### SUPPLIED DATA
════════════════
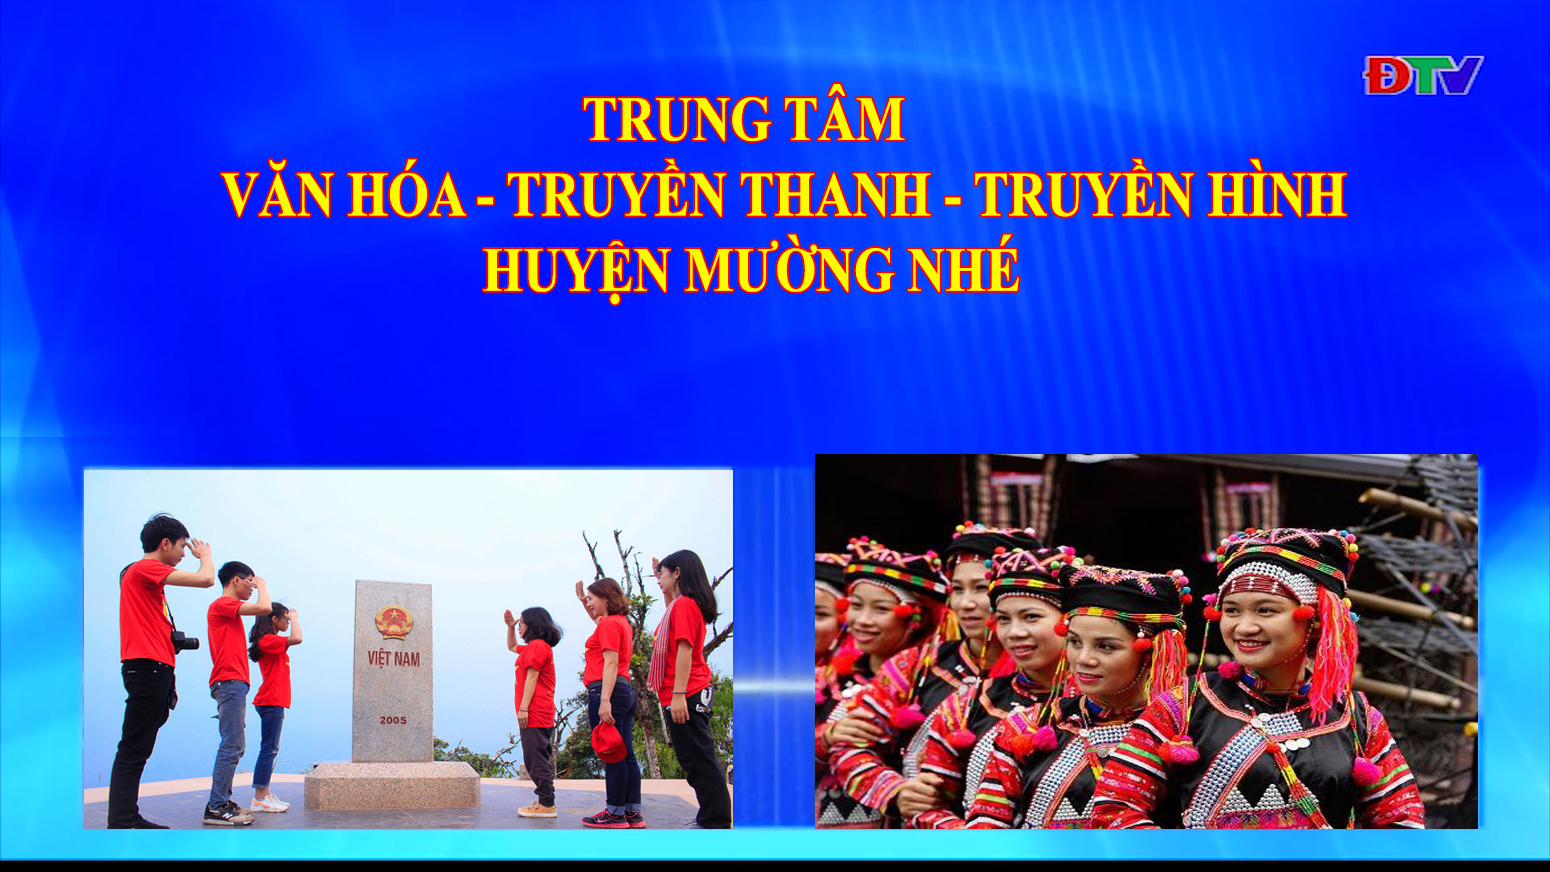 Trung tâm Văn hóa Truyền thanh Truyền hình huyện Mường Nhé (Ngày 24-9-2020)
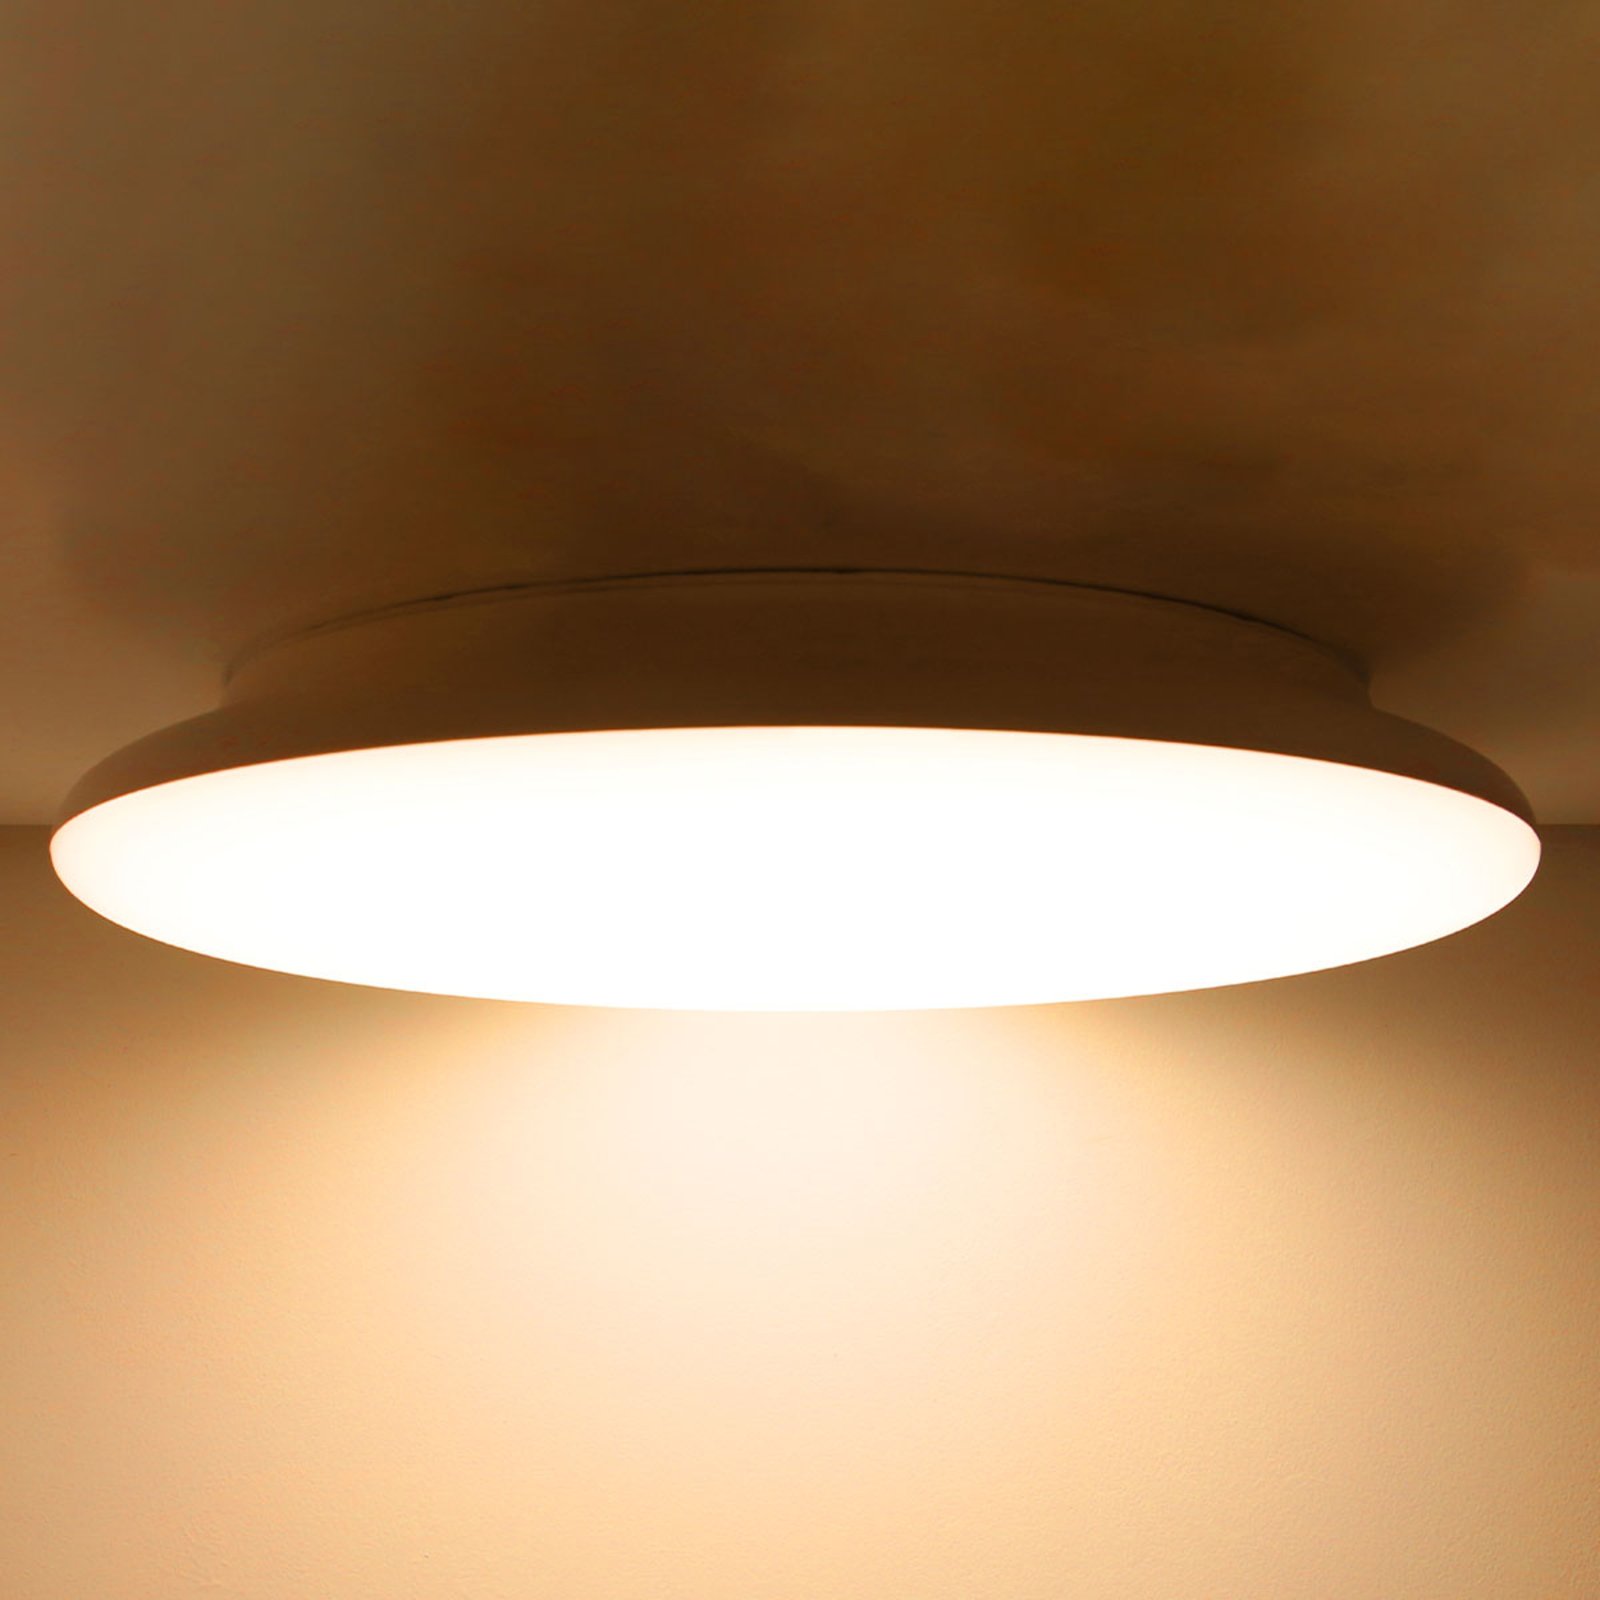 Φωτιστικό οροφής SLC LED με δυνατότητα ρύθμισης φωτισμού IP54 Ø 40 cm
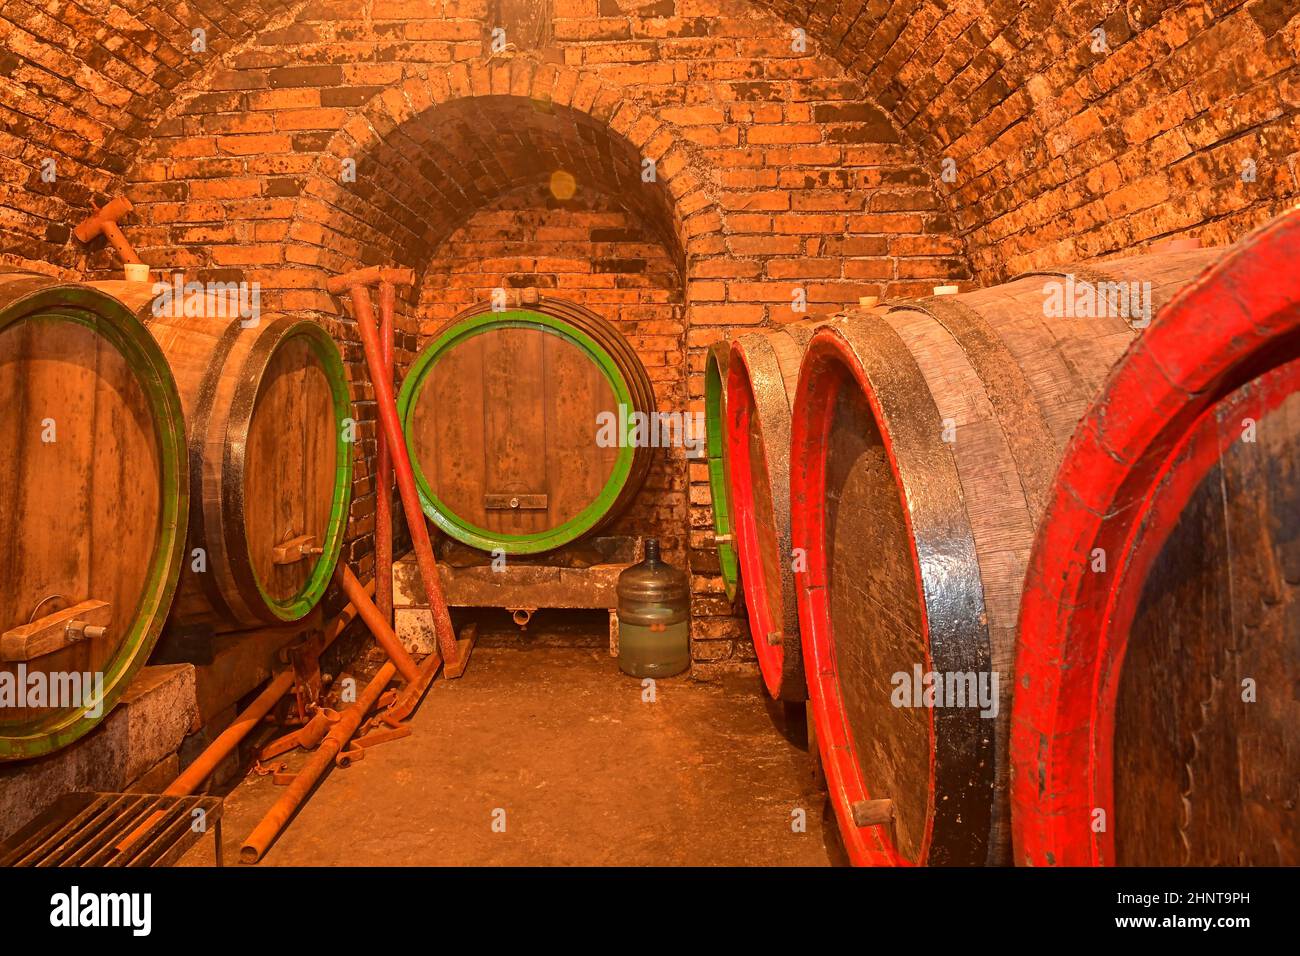 Barriles de vino en una bodega, una antigua bodega con techos abovedados de ladrillo. Vinificación tradicional Foto de stock
════════════════
### PROBLEM REQUIREMENTS
Give back an exact copy of the material above, omitting the pictures.

### WRITTEN ANSWER
 Trung tâm Văn hóa Truyền thanh Truyền hình huyện Mường Nhé (Ngày 24-9-2020)
 Φωτιστικό οροφής SLC LED με δυνατότητα ρύθμισης φωτισμού IP54 Ø 40 cm
 Barriles de vino en una bodega, una antigua bodega con techos abovedados de ladrillo. Vinificación tradicional Foto de stock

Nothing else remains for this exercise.